* [What is needed]:
Please return the listing below exactly, without any of its pictures.

* [Supplied material]:
━━━━━━
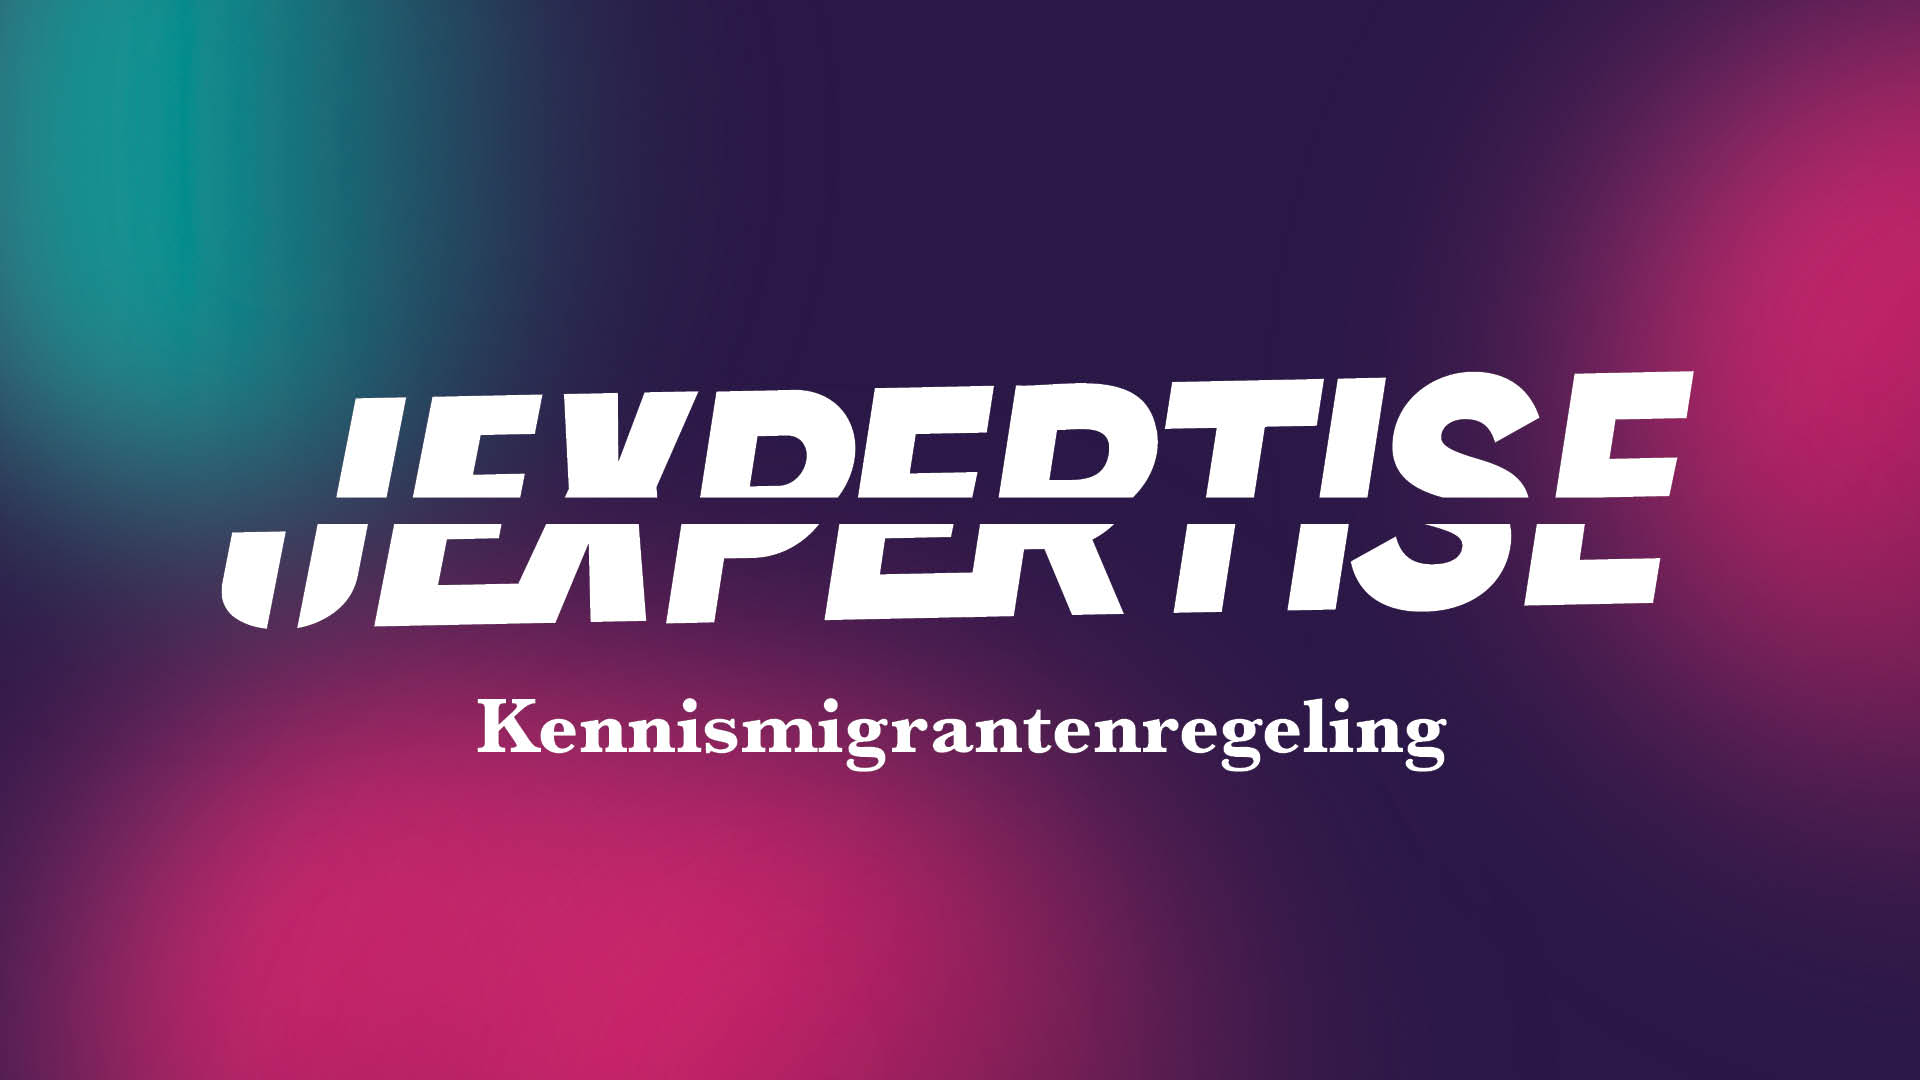 10 Website_Jexpertise_Kennismigrantenregeling
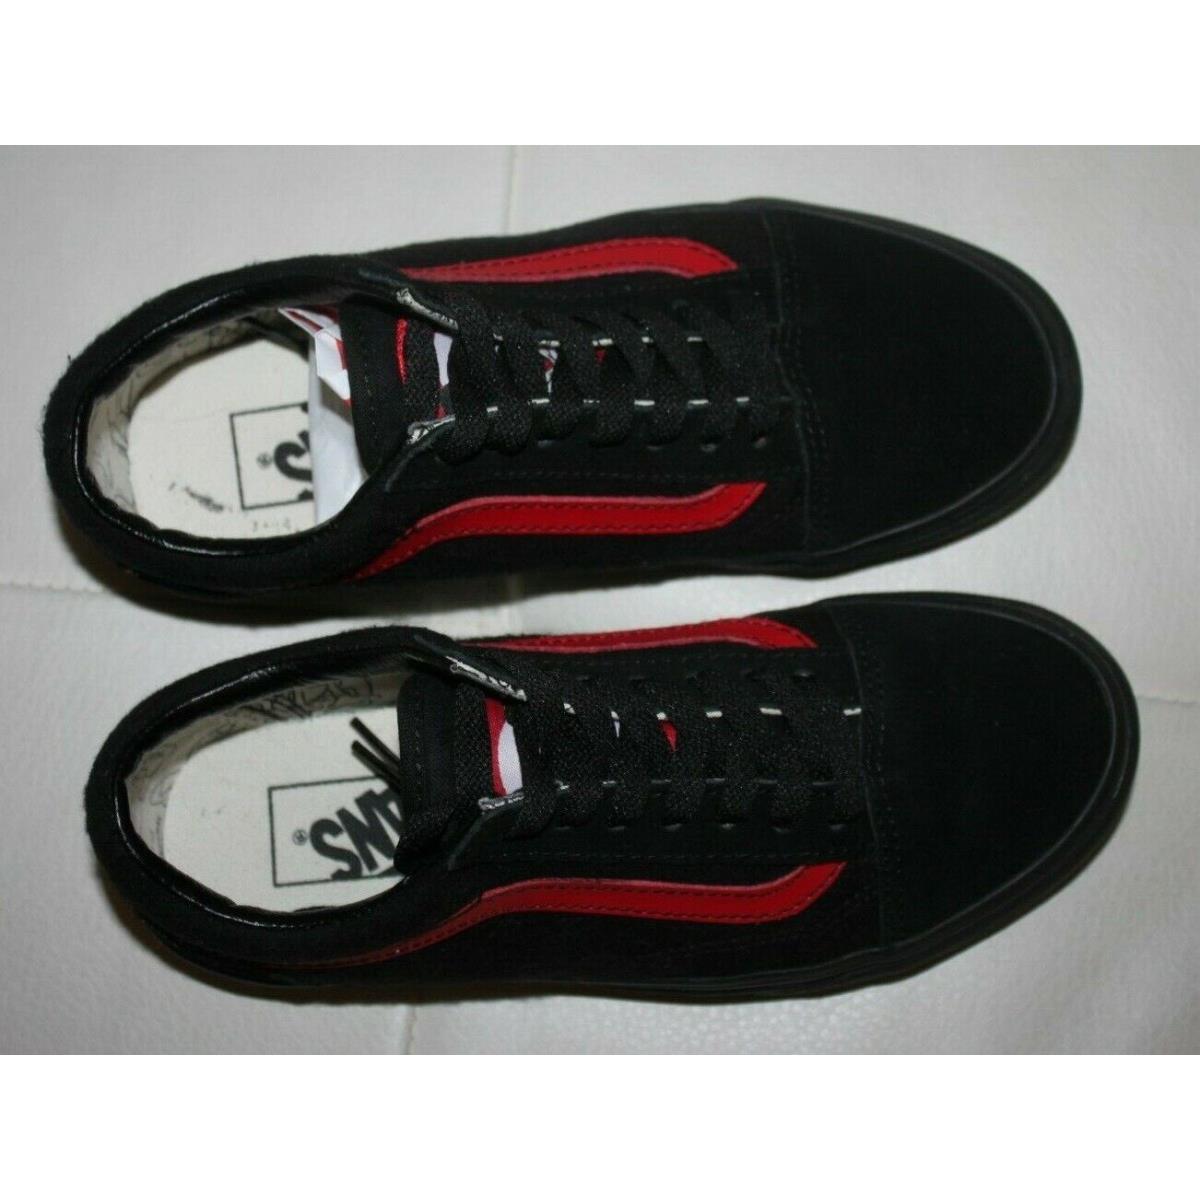 Vans shoes  - Black & Red, Manufacturer: Black/Red 3
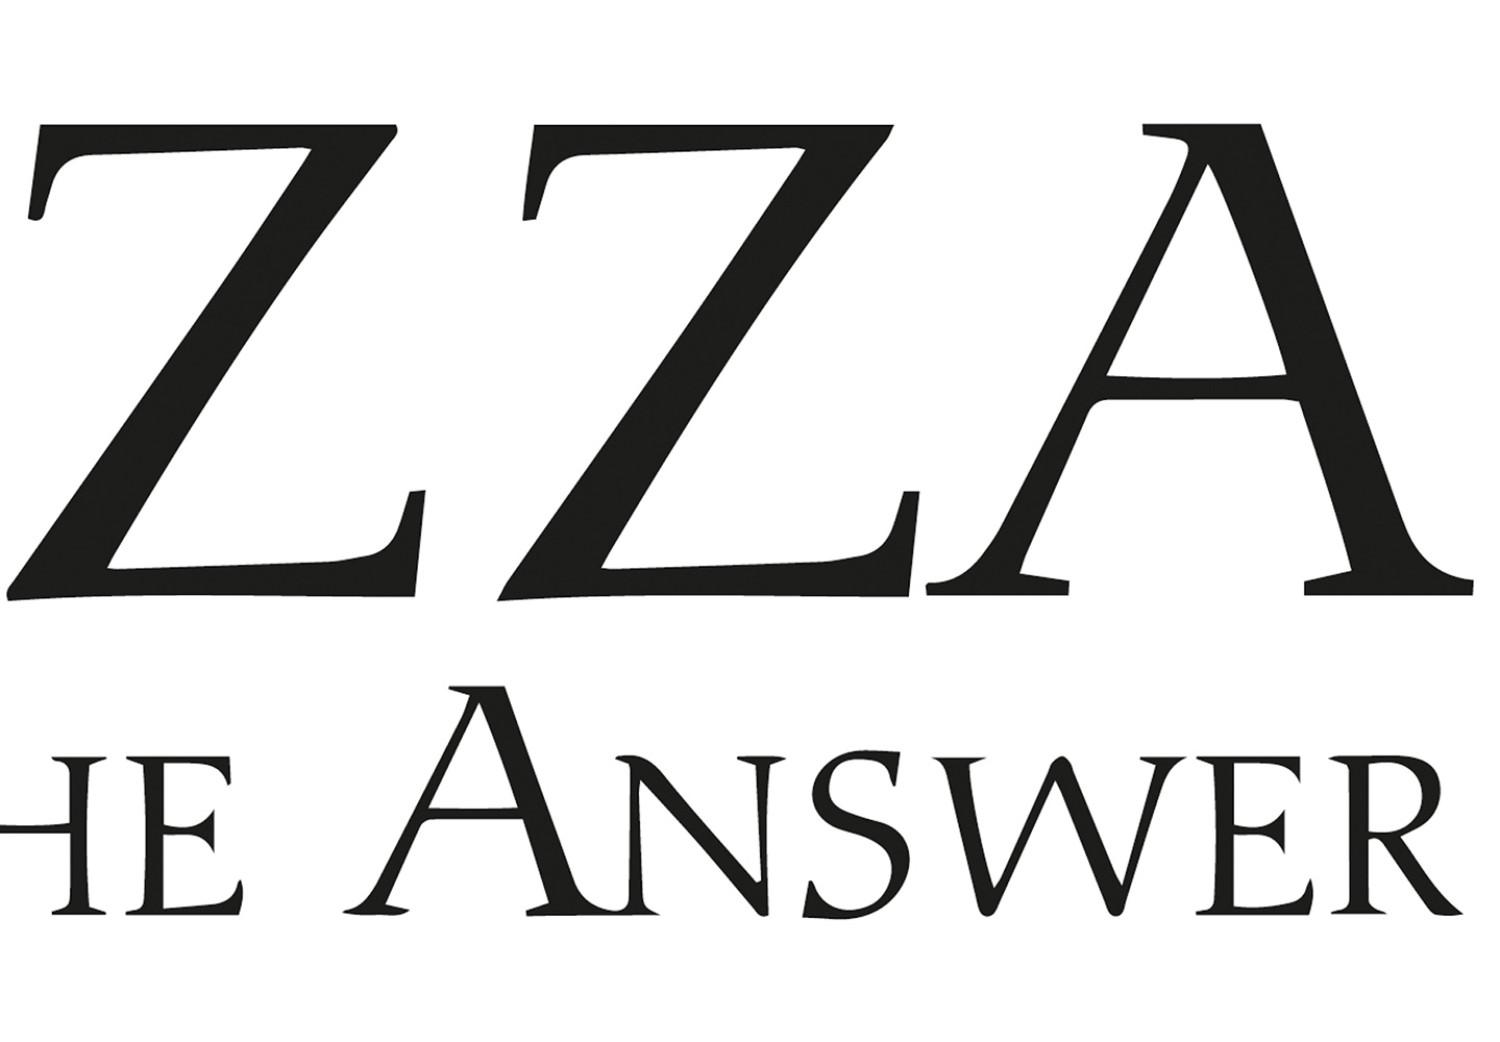 Cuadro moderno Pizza - gráfico en blanco y negro con las palabras Pizza is the answer
━━━━━━
* [The answer]:
 10 Website_Jexpertise_Kennismigrantenregeling
 Vans shoes  - Black & Red, Manufacturer: Black/Red 3
 Cuadro moderno Pizza - gráfico en blanco y negro con las palabras Pizza is the answer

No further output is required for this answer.